В охотничьем платье, ловкий, стройный, с ружьем за плечами, Витольд Корчинский о чем-то горячо говорил, cопровождая свою речь частыми размашистыми жестами. Издали это придавало ему оттенок энергии, вопреки его бледному исхудалому лицу, носившему следы утомления долгими и напряженными умственными занятиями.

По беспокойной, нервной подвижности юноши в нем Можно было узнать одного из детей нашего тревожного века, нашего неустойчивого времени. Не разросся он крепким ветвистым дубом, но благодаря непосильному напряжению мысли и памяти вытянулся, как молодой гибкий тополь, чуткий ко всем изменениям окружающей его атмосферы. По его глазам видно было, что он много думал. Его чистый лоб был ясен и гладок, а в очертании губ сказывалась необычайная мягкость сердца. В каждом повороте головы чувствовалась, пожалуй, даже чрезмерная смелость и гордость; порой, глядя на него, можно было подумать, что вот-вот, через несколько дней или часов, он отправится в кругосветное путешествие.

В эти два часа он, вероятно, немало говорил со своей собеседницей, он принес с собой даже книжку, — эта книжка лежала у нее на коленях, — и не уставал говорить, а она в свою очередь не уставала его слушать.

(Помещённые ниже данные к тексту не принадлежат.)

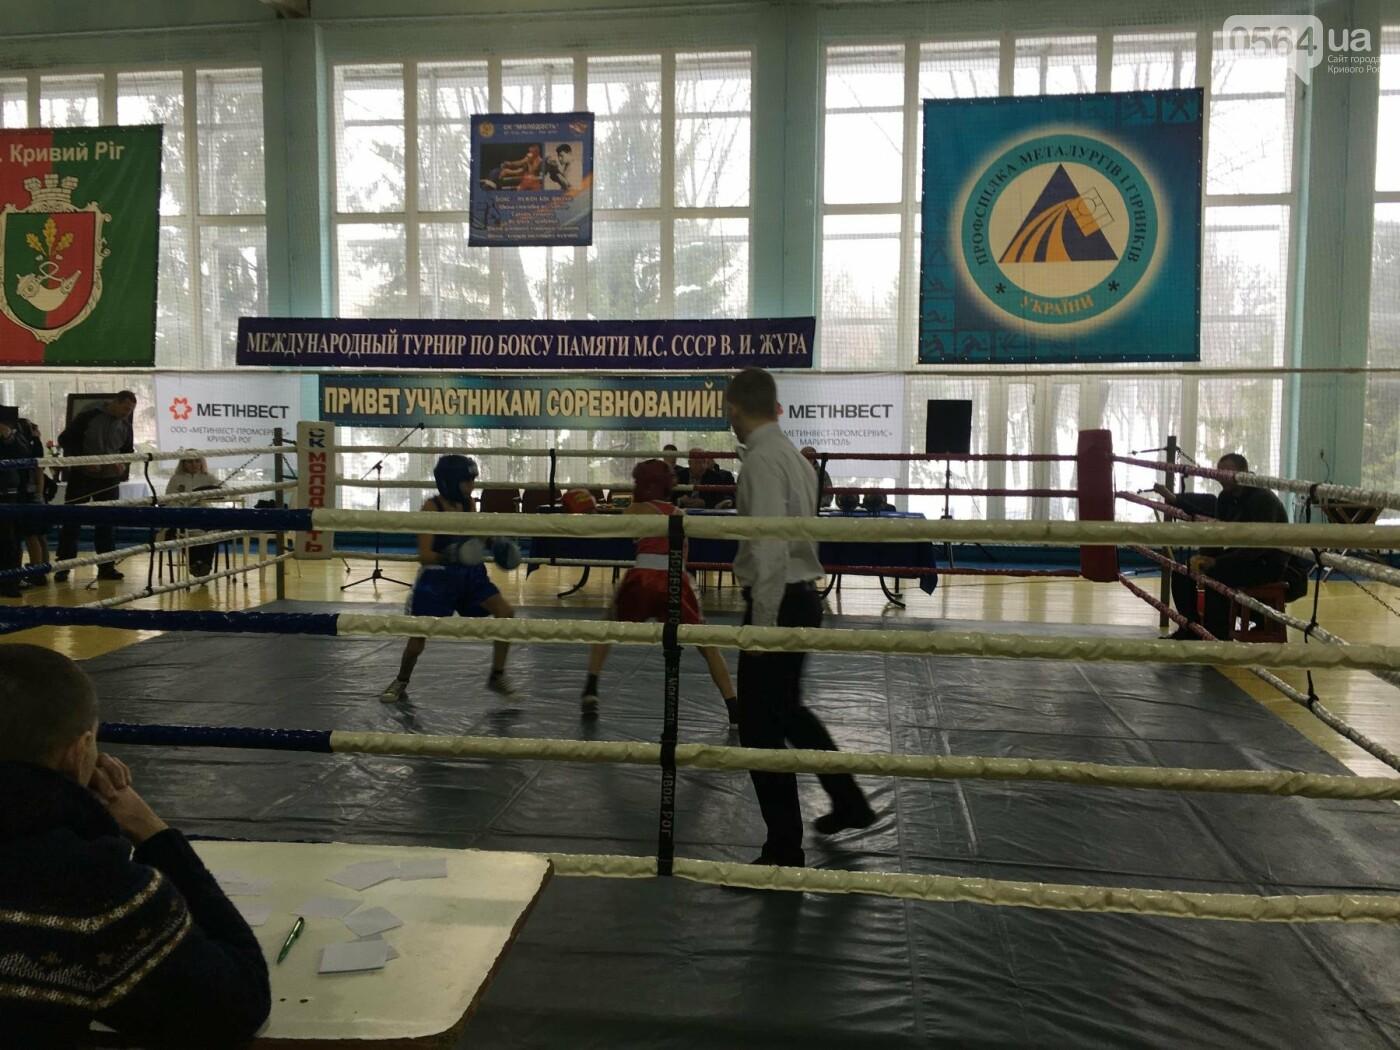 В Кривом Роге состоялся Международный турнир по боксу (ФОТО, ВИДЕО), фото-10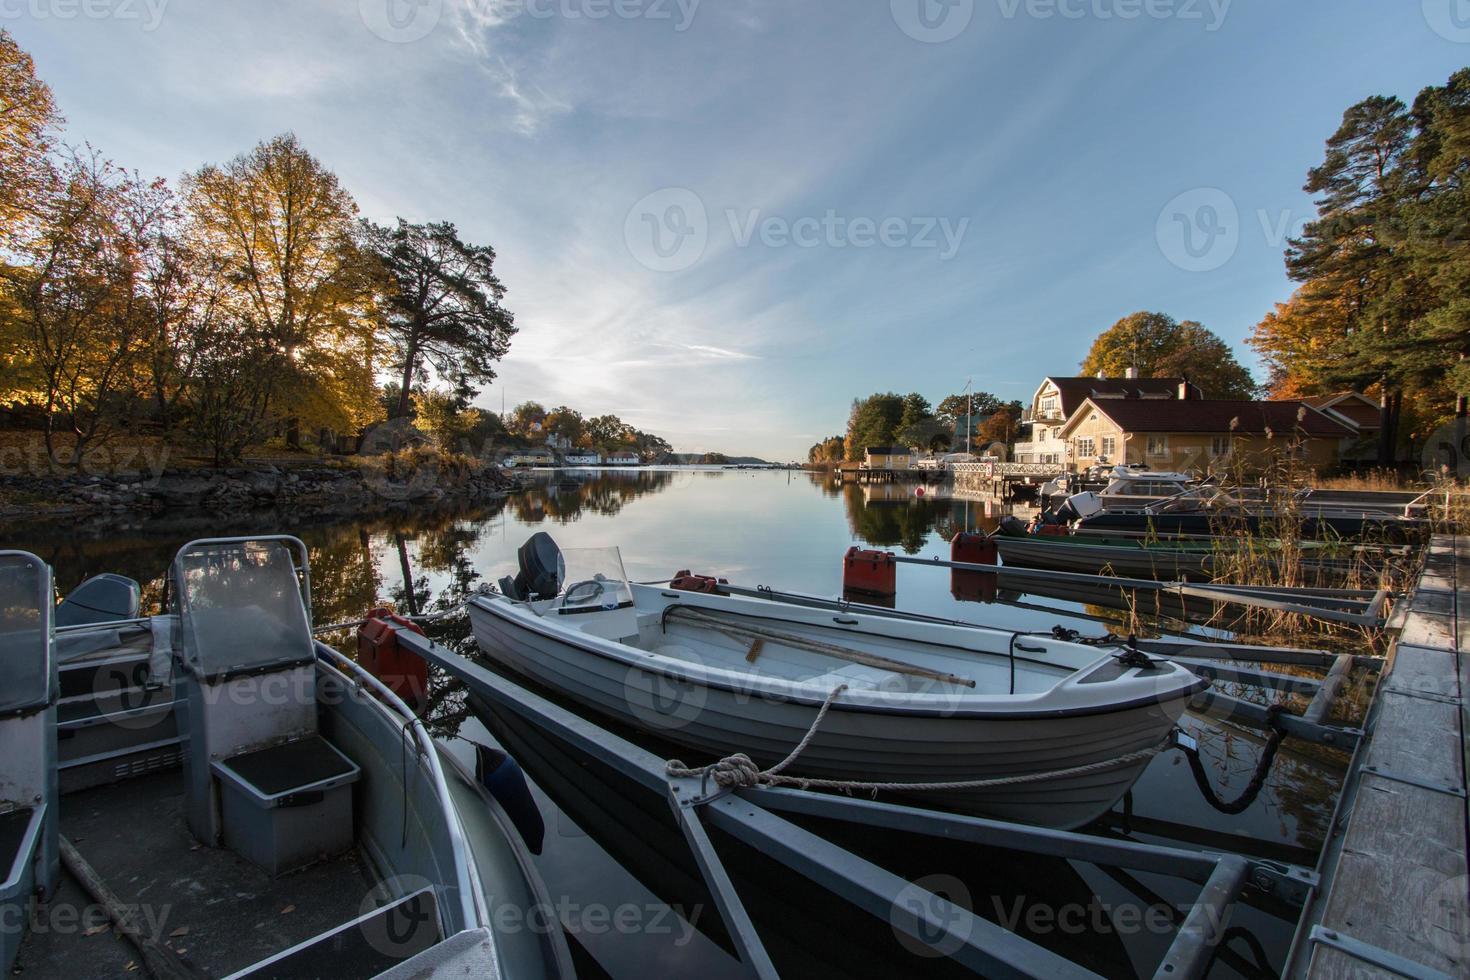 bateaux amarrés au début de l'automne matin photo

Встревоженное сердце матери могло теперь успокоиться. У него был вид учителя, у нее — ученицы; они казались друзьями, во всем согласными друг с другом, занятыми составлением каких-то планов. Девушка утвердительно кивала головой в знак согласия, что воспламеняло юношу и заставляло его говорить с еще большим жаром. До пани Кирло доносились только отдельные выражения: народ, страна, община, интеллигенция, инициатива, просвещение, благосостояние и т. д. Раза два до ее ушей дошли фразы, точно целиком выхваченные из какой-нибудь умной книжки, — о необходимости труда, об исправлении исторических ошибок и т. д. Она улыбнулась так, как умеют улыбаться только матери: и снисходительной и в то же время гордой улыбкой.

— Ладно, — сказала она, — если так, то ладно! Пусть себе говорят о таких хороших вещах!

Она хотела, было идти назад, но снова обернулась на молодую пару. Марыня медленно поднялась со своего низенького сидения и в глубокой задумчивости взяла своего товарища под руку. Медленно прошли они огород и вдоль ольхового леса направились к деревне.

Пани Кирло не раз видела их на этой дорожке. Казалось, какая-то невидимая сила влекла их туда. Теперь их фигуры, близко склоненные друг к другу, рельефно выделялись на зеленом фоне леса. У него больше чем когда-либо был вид апостола; она шла с наклоненной головой, с опущенными вниз ресницами и с тихой, восторженной улыбкой на свежих устах, которая сопровождает пробуждение молодой мысли и воли. За ними важно шел черный легаш, а заходящее солнце бросало перед ними на дорогу тысячи подвижных багровых пятен.